E nesse atravessamento, por mais que escutemos o tempo todo por aí o axioma “na vida tudo passa”, somos acometidos por sentimentos de angústia e desamparo. Ou seja, por mais que estejamos advertidos da transitoriedade, sofremos. Mas, paradoxalmente, essa consciência que não nos exime do sofrimento é também a via pela qual somos convidados à experiência da vida em sua inteireza.

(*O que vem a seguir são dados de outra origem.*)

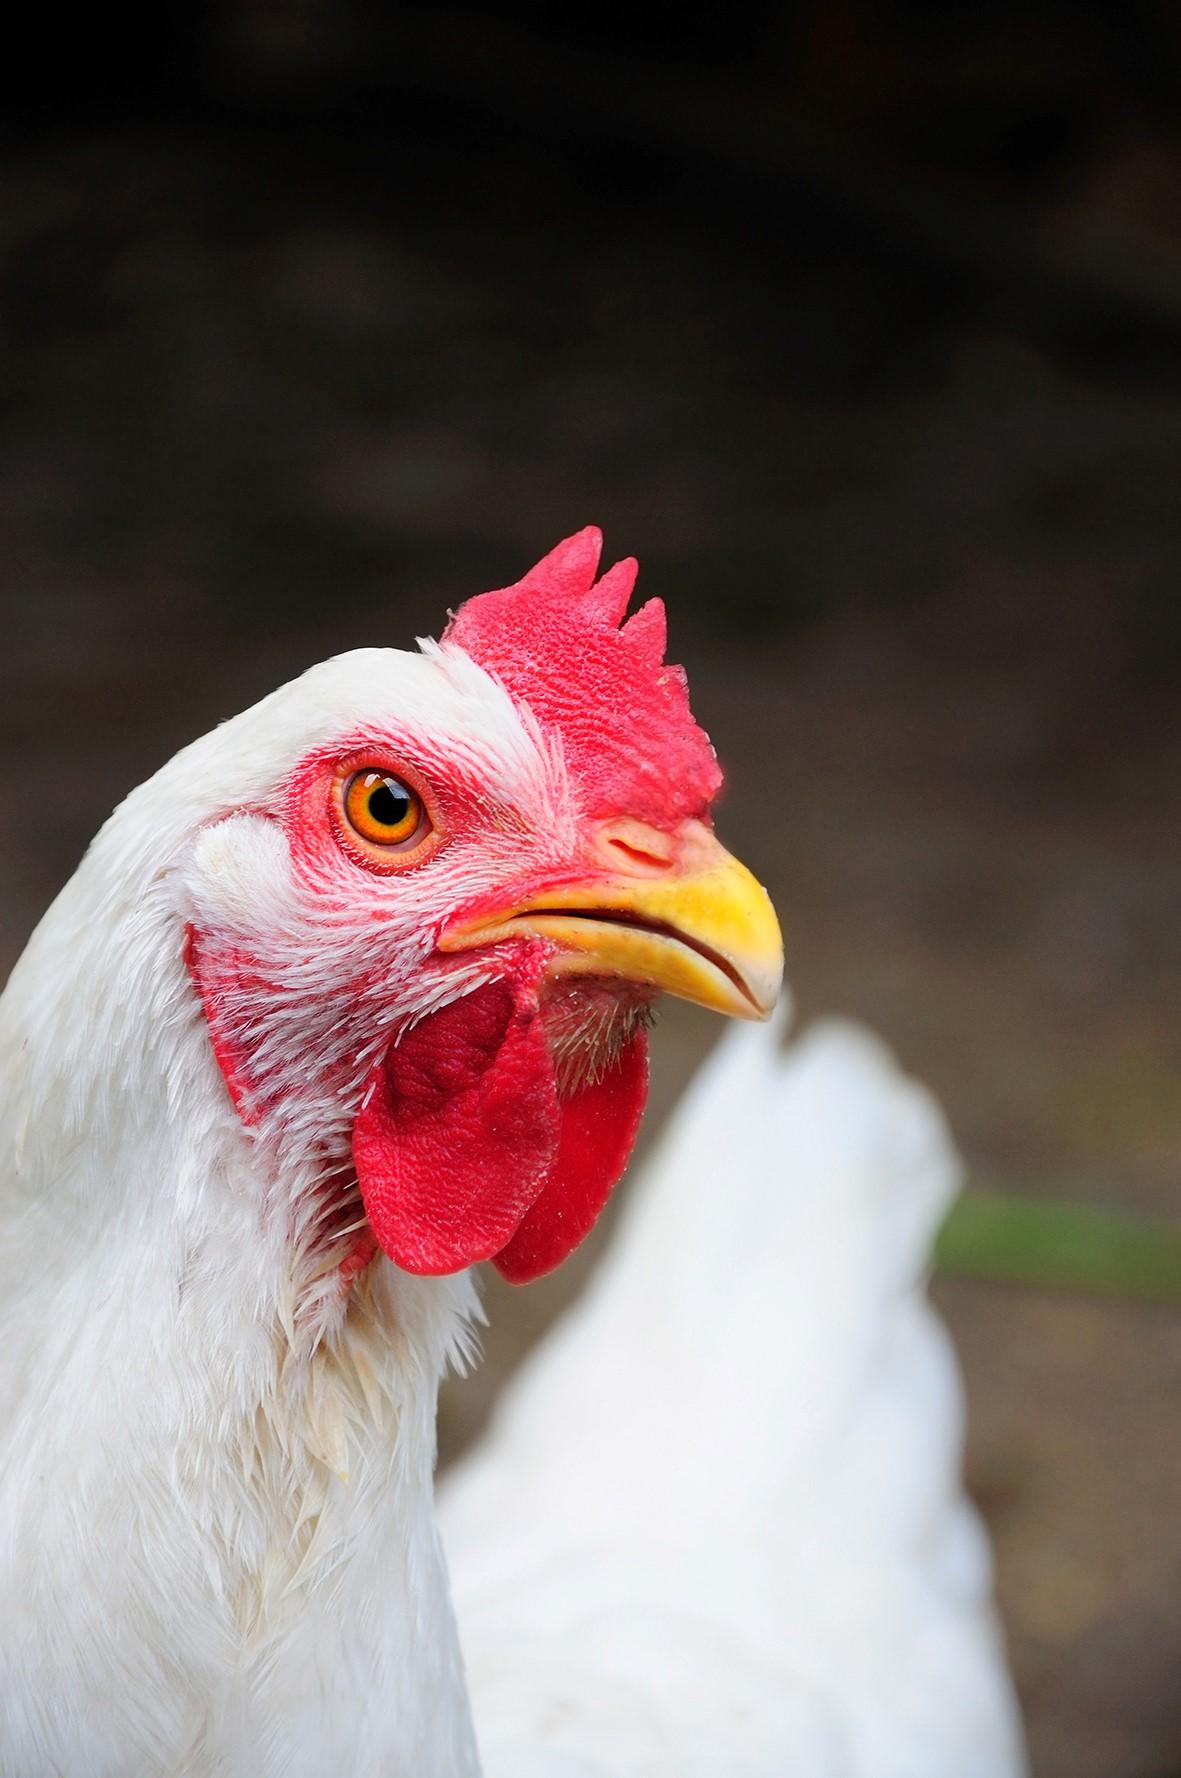 Micotoxinas em aves: prevalência e controle no período de verão - por Cristiane Sanfelice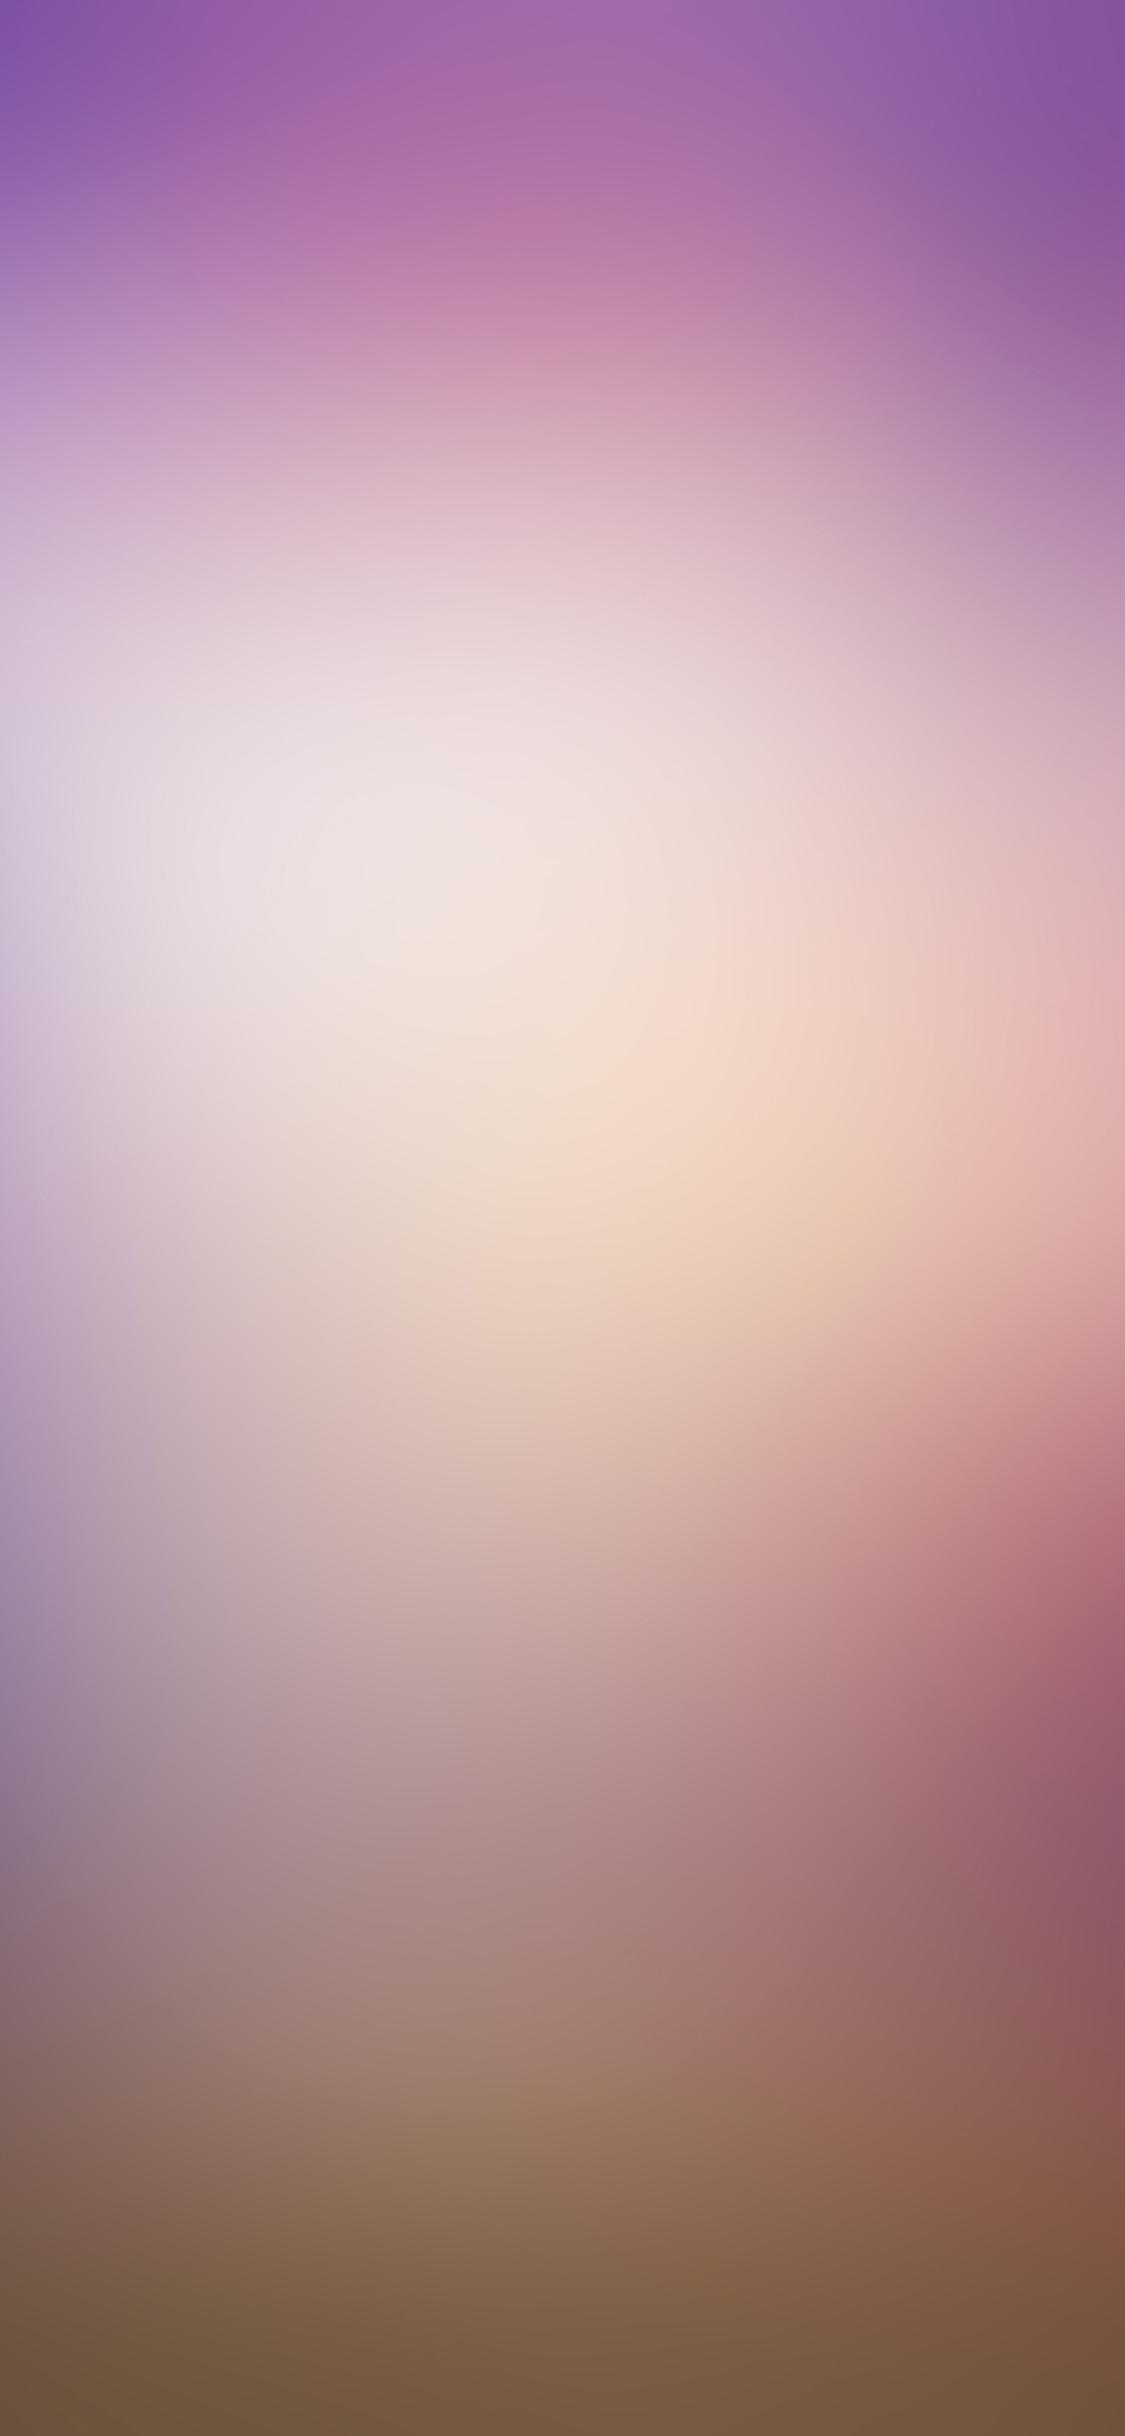 iPhoneXpapers.com-Apple-iPhone-wallpaper-sb17-wallpaper-dreamy-sea-boat-blue-blur

Freud, em 1915, no seu texto “Sobre a Transitoriedade”, lembra-nos que a consciência da efemeridade, ou seja, a noção da limitação do tempo, é o que nos faz valorizar a beleza das coisas. O texto, embora tenha um apelo à estética, nos remete a essa que é a angústia máxima da existência humana: a consciência da finitude. Afinal, tudo que acaba, todo “nunca mais”, pertence ao registro da morte.

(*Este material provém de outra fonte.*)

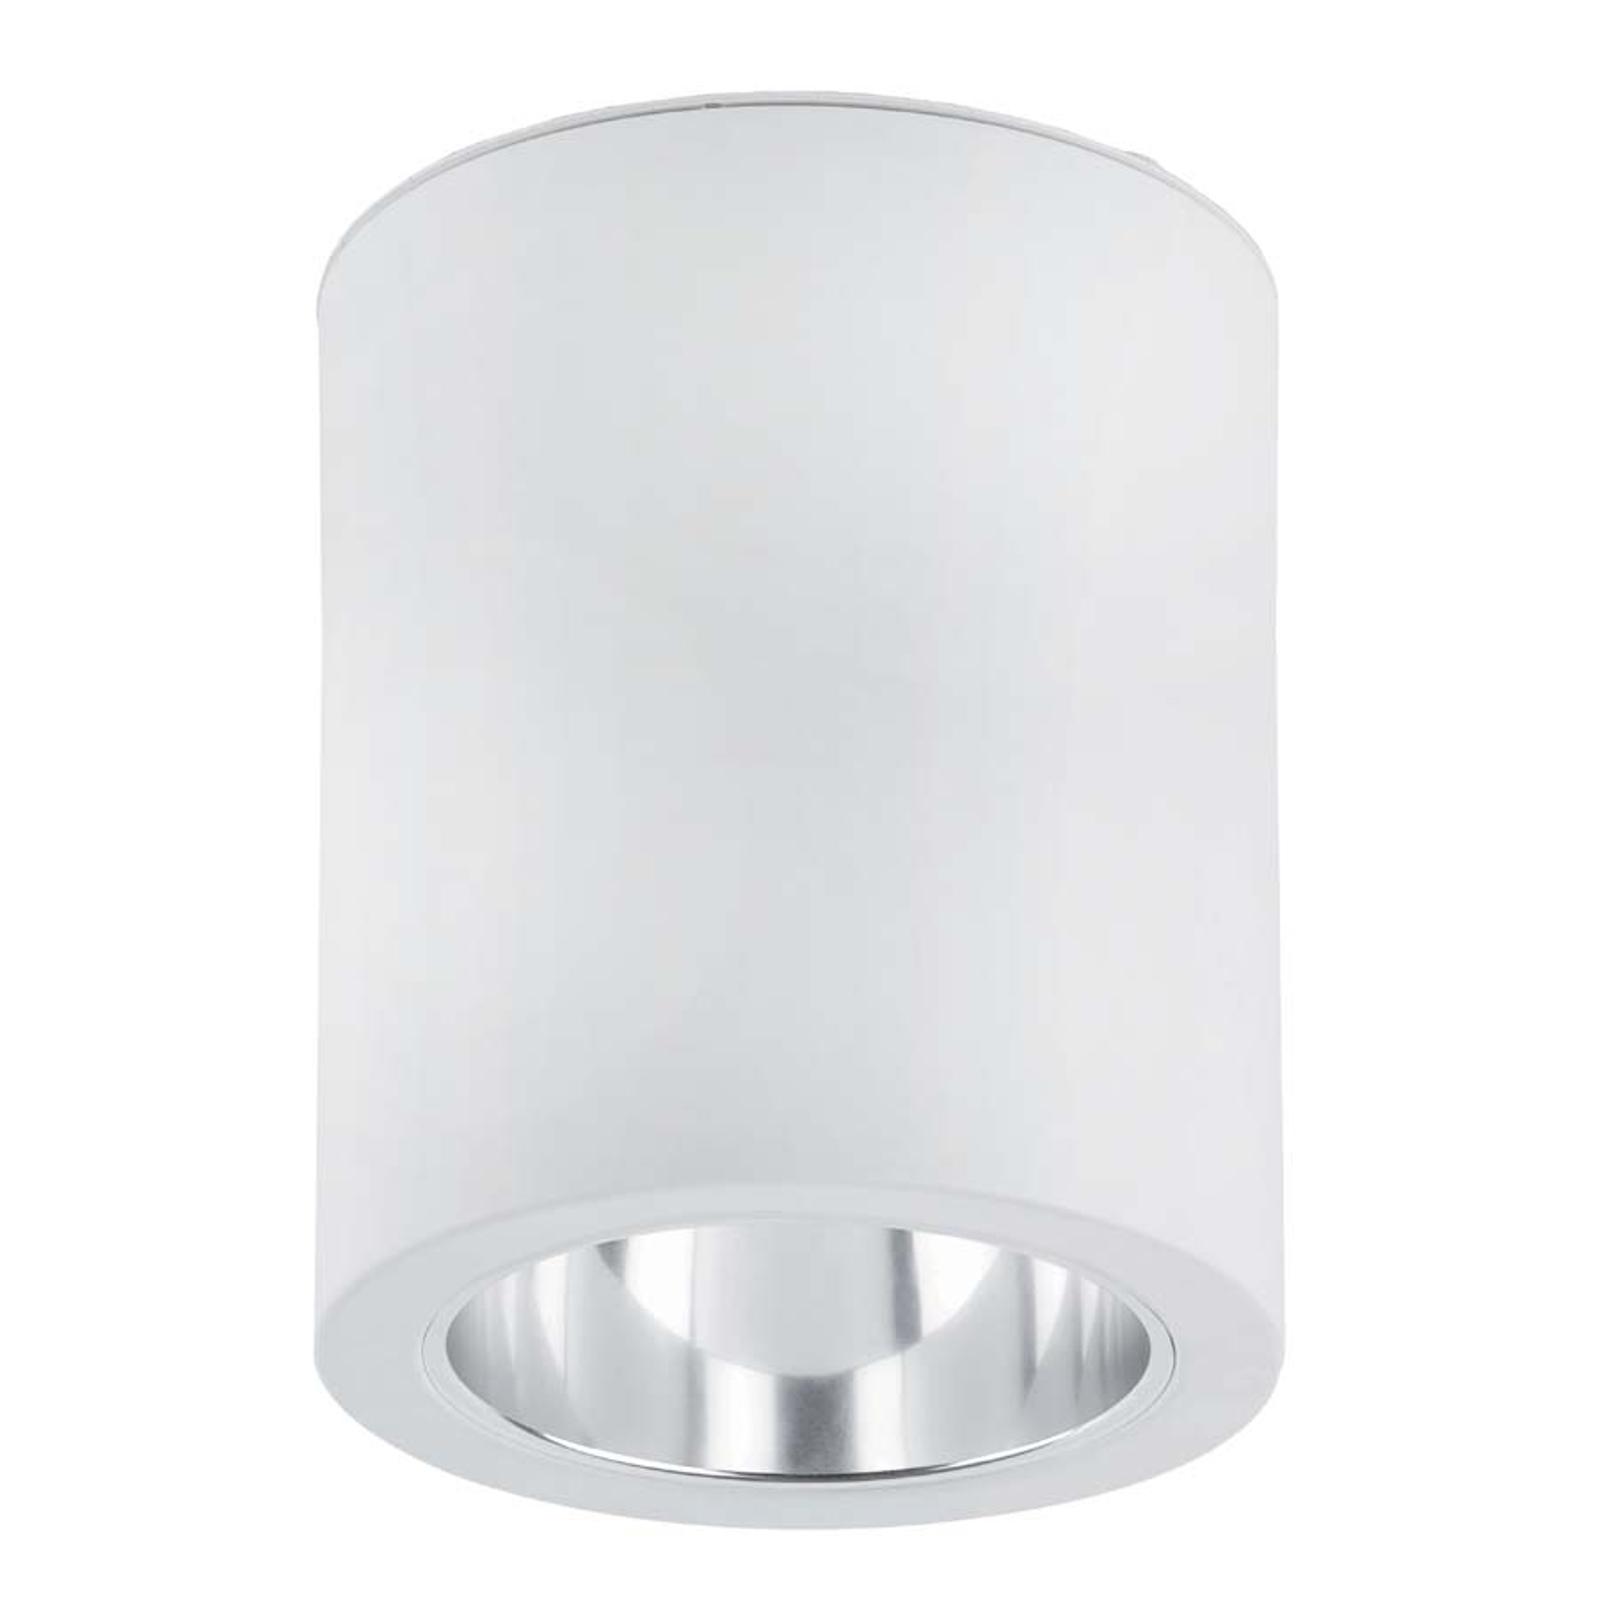 Deckenleuchte Pote-1 aus Aluminium weiß

Tudo que tem um fim, tudo que se vai, inconscientemente, nos remete à irreversibilidade da morte. Porém, aquilo que se foi – pela morte, pelo tempo, pela constante impermanência das coisas – não deixa de ter valor porque acabou, uma vez que pelo trabalho de luto ressignifica-se. “Uma flor que dura apenas uma noite, nem por isso nos parece menos bela”, lembra-nos Freud nesse mesmo texto.

De acordo com o pai da psicanálise, a vida (e tudo que há nela) não deixa de ter valor pelo seu caráter transitório. Ao contrário, é justamente sua efemeridade que lhe atribui raridade. Contraditoriamente, a noção de que tudo passa é o que nos “prende” à vida. É porque as coisas acabam que somos impelidos a desfrutar delas – afinal, elas nunca são, sempre estão.